Menurut Lawrence, Amerika Serikat dan sekutunya harus fokus bersama dalam hal ini untuk membangun infrastruktur yang berfungsi di Korea Utara untuk meningkatkan hubungan dengan negara tersebut. Strategi utama Amerika Serikat dalam membujuk Korea Utara untuk melakukan denuklirisasi akan selaras dalam kasus ini.
“Pelajaran utamanya adalah kita tidak boleh memikirkan tentang hadiah kepada rezim, tapi tentang apa yang dipertaruhkan bagi Amerika Serikat,” kata Lawrence. Lambatnya peningkatan investasi AS dan pembangunan infrastruktur akan memungkinkan Kim Jong-un untuk terus mengontrol narasi propaganda dan menjual pencapaian dalam negeri sebagai kesuksesannya sendiri.
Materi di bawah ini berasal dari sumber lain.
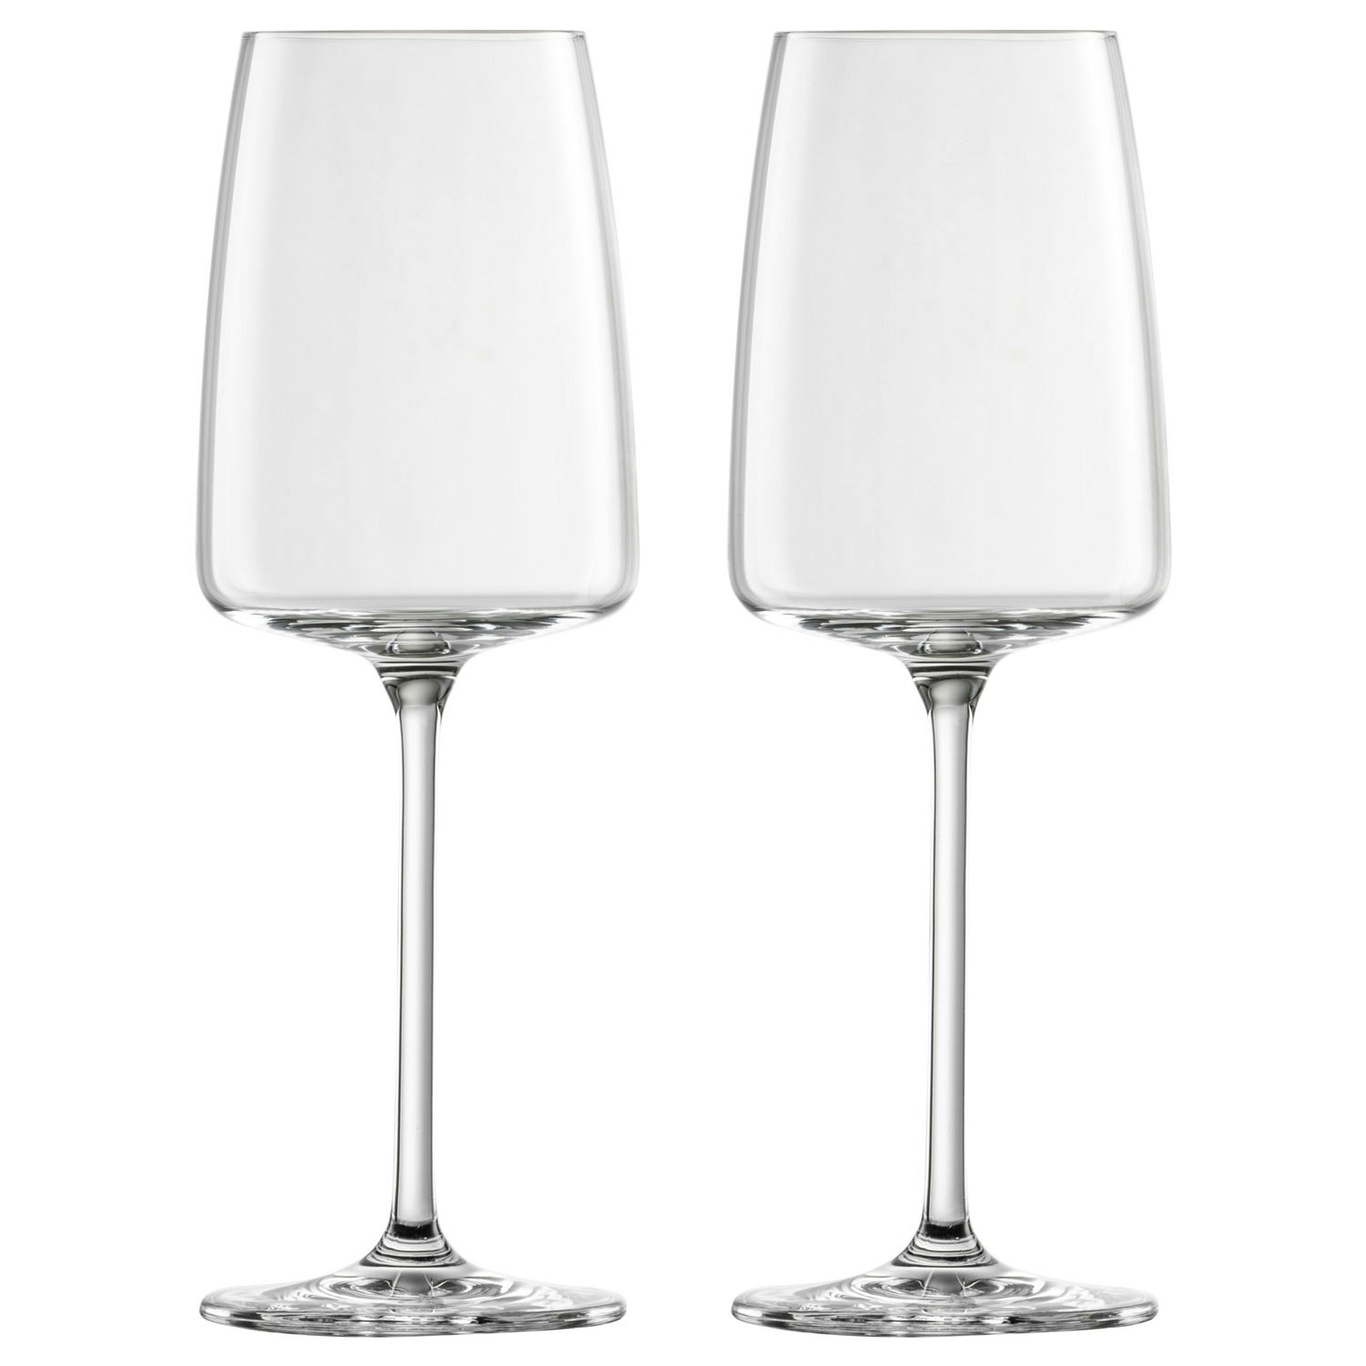 https://royaldesign.com/image/2/zwiesel-vivid-senses-light-fresh-wine-glass-36-cl-2-pack-0?w=800&quality=80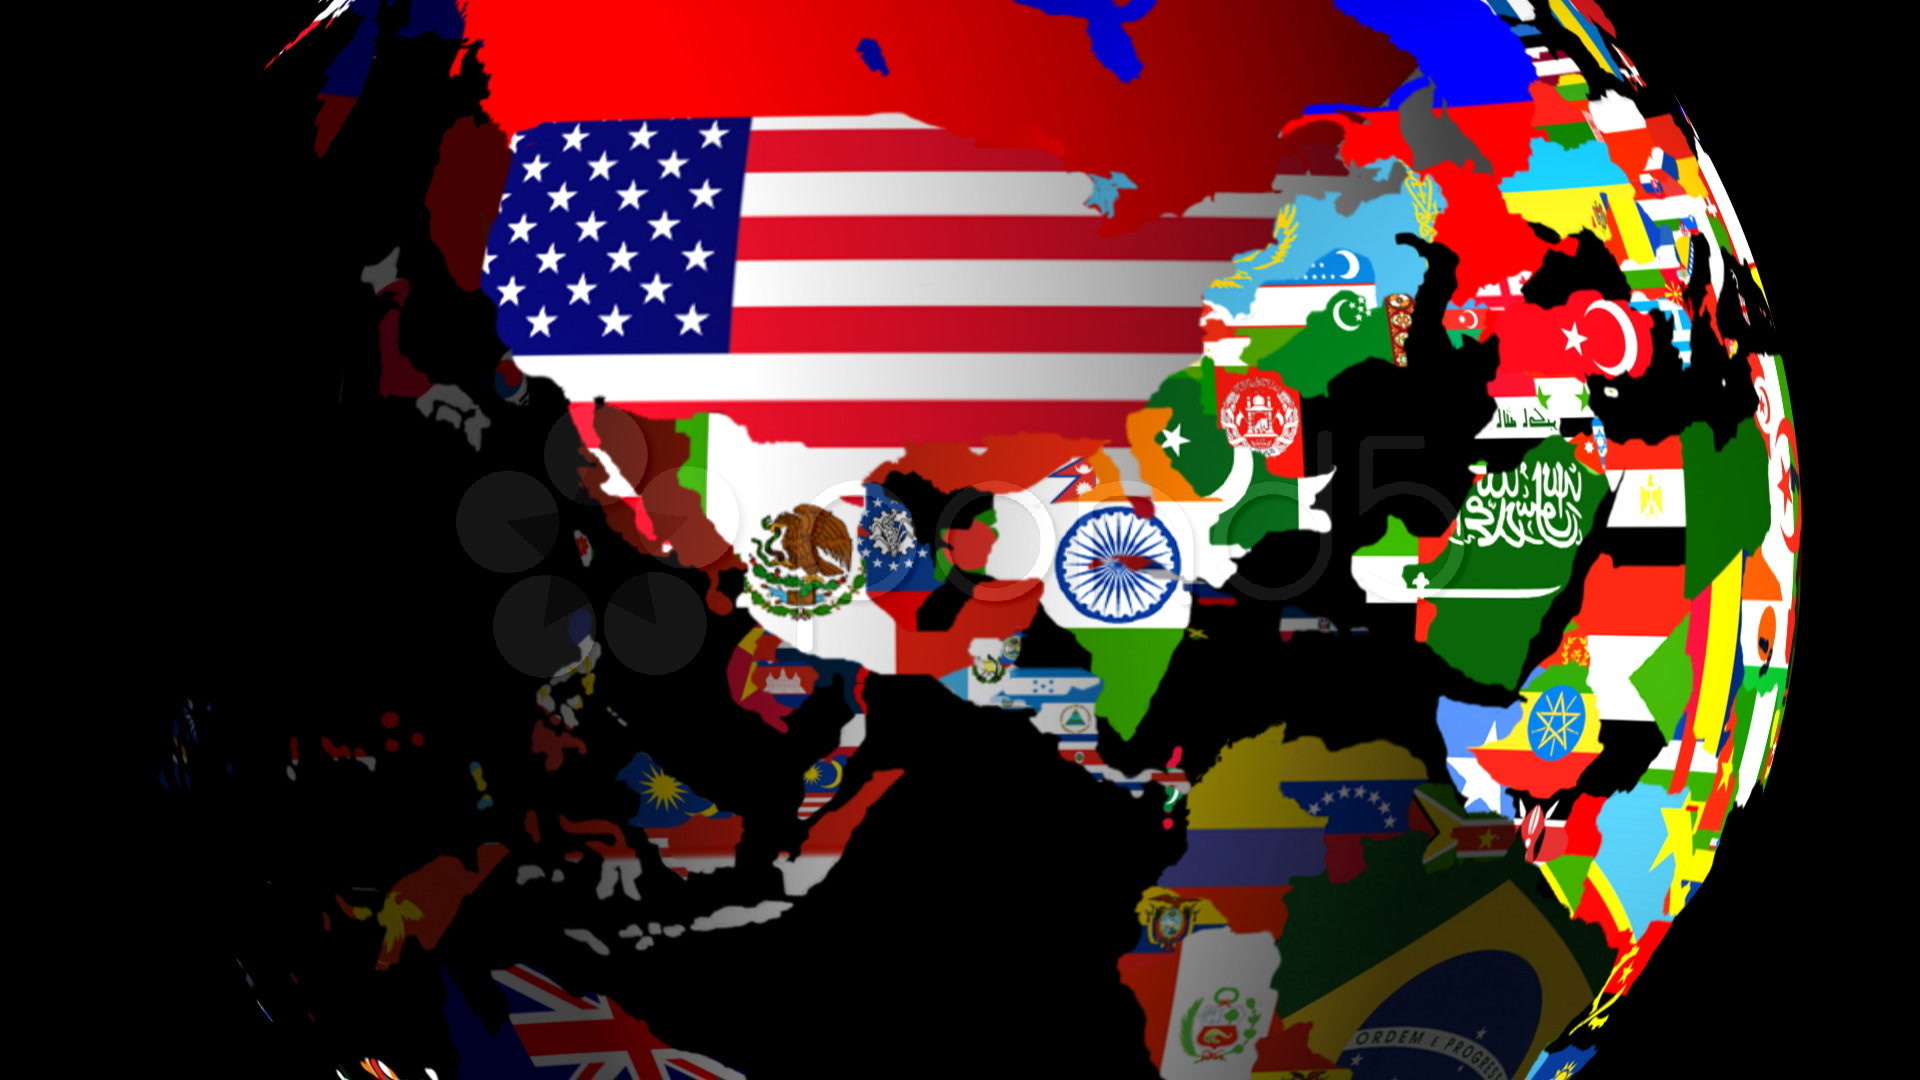 International Flags, World flags wallpaper, Ethnically diverse, Vibrant colors, 1920x1080 Full HD Desktop

Kim Jong-un tampaknya terbuka terhadap bantuan dari luar negeri
Taktik ini dapat mencegah Kim Jong-un membuka negaranya terlalu cepat terhadap pengaruh eksternal di tahun-tahun mendatang dan membuat negaranya tidak stabil melalui kontak masyarakat miskin dengan dunia luar.
Diktator Korea Utara juga tampaknya terbuka terhadap bantuan dari luar negeri. Menurut laporan media, dia terakhir bertemu dengan presiden Korea Selatan Moon Jae-in berkata: “Saya malu dengan infrastruktur transportasi kita yang buruk.”
Hubungan yang berkelanjutan dengan Korea Utara dan investasi nyata di negara tersebut dapat membantu menjaga arah negosiasi yang benar dengan rezim di Pyongyang. Jika Korea Utara berhenti ikut campur, AS dapat menarik rem darurat dan menghentikan investasi, kata Lawrence.
Artikel ini telah diterjemahkan dari bahasa Inggris.